The findings, presented Thursday at the American Society of Clinical Oncology annual meeting, in Chicago, confirm previous research and now give physicians a clearer roadmap for treatment, the study authors said.
About 15 percent of colon cancer tumors are known as deficient DNA mismatch repair (dMMR) tumors, because they have lost the ability to repair DNA damage. This particular type of tumor seems to be less aggressive than other forms of colon cancer, the researchers said.
A study published by the same group of researchers in 2003 in the New England Journal of Medicine also found that this subset of patients did not benefit from standard chemotherapy for colon cancer. Because the finding was so novel, the results needed confirmation before they could be incorporated into clinical practice. This new study offers that confirmation, the researchers said.

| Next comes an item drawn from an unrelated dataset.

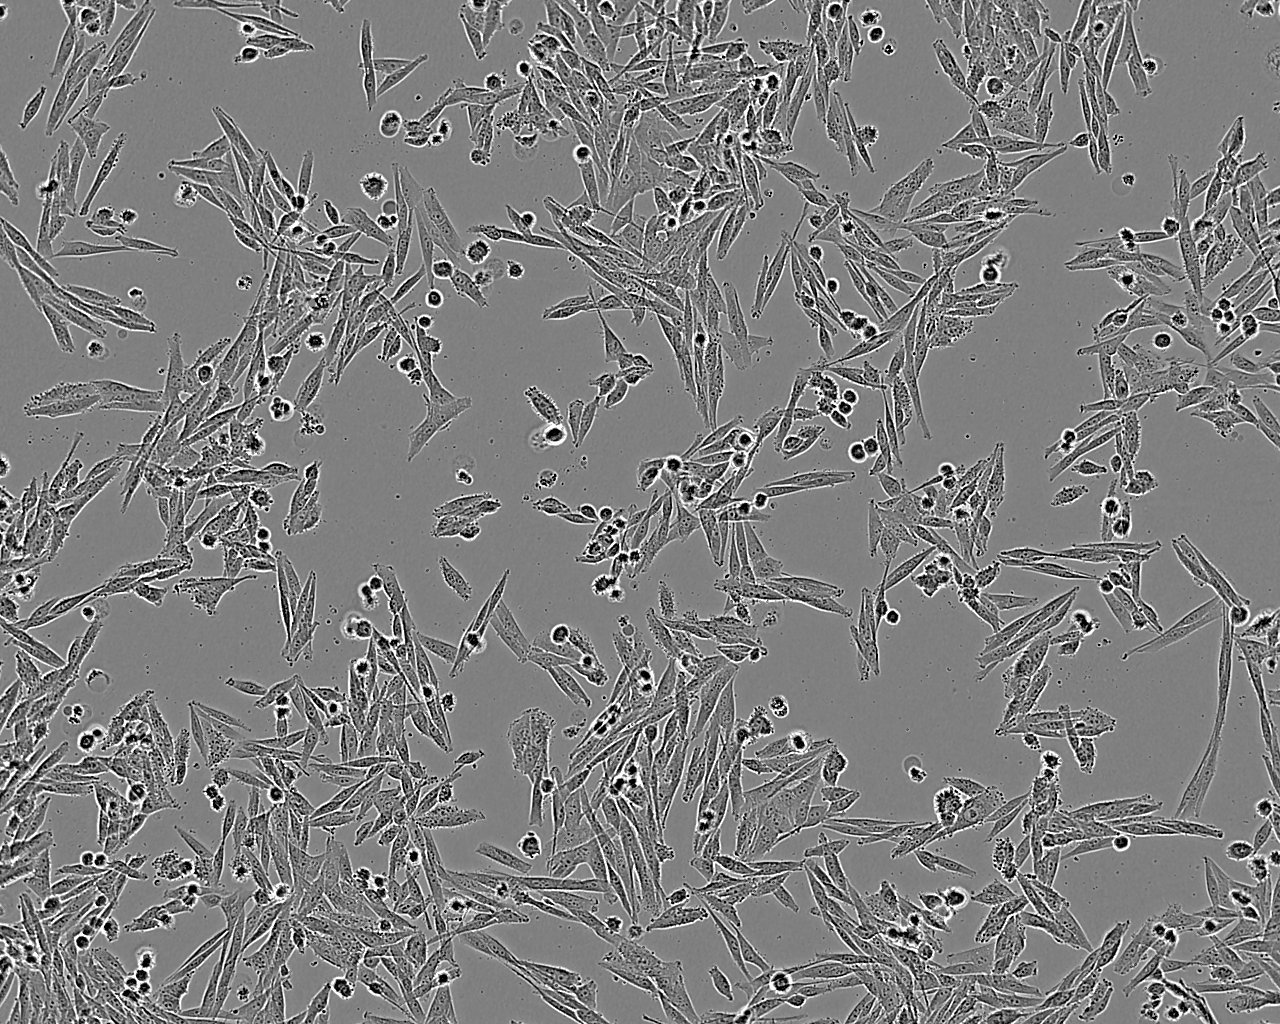 NCI-H295 Cell:人肾上腺皮质癌细胞系

"We're talking about patients with early stage colon cancer. These are patients who sometimes get chemo and sometimes do not," Sargent said. "We have sought for a long time to try to determine if there was a way to predict which patients might benefit from chemo and which might not."
But, Sargent added, "we felt that in order to really recommend this in clinical practice, we needed to validate it."
The new study analyzed data from 1,027 patients in the United States as well as Canada, France and Italy who had participated in previous trials. Sixteen percent had dMMR.
"The goal was to validate that the 15 percent of patients who have defective mismatch repair did not receive any benefit from 5-FU therapy, and that is indeed exactly what we found," Sargent said.
"We now feel this is appropriately validated for clinical use," he added.
In fact, there is already a simple test for this type of cancer.
"The test is available and, in a patient with stage 2 disease being considered for treatment with chemotherapy, we think that this test would be useful," Sargent said.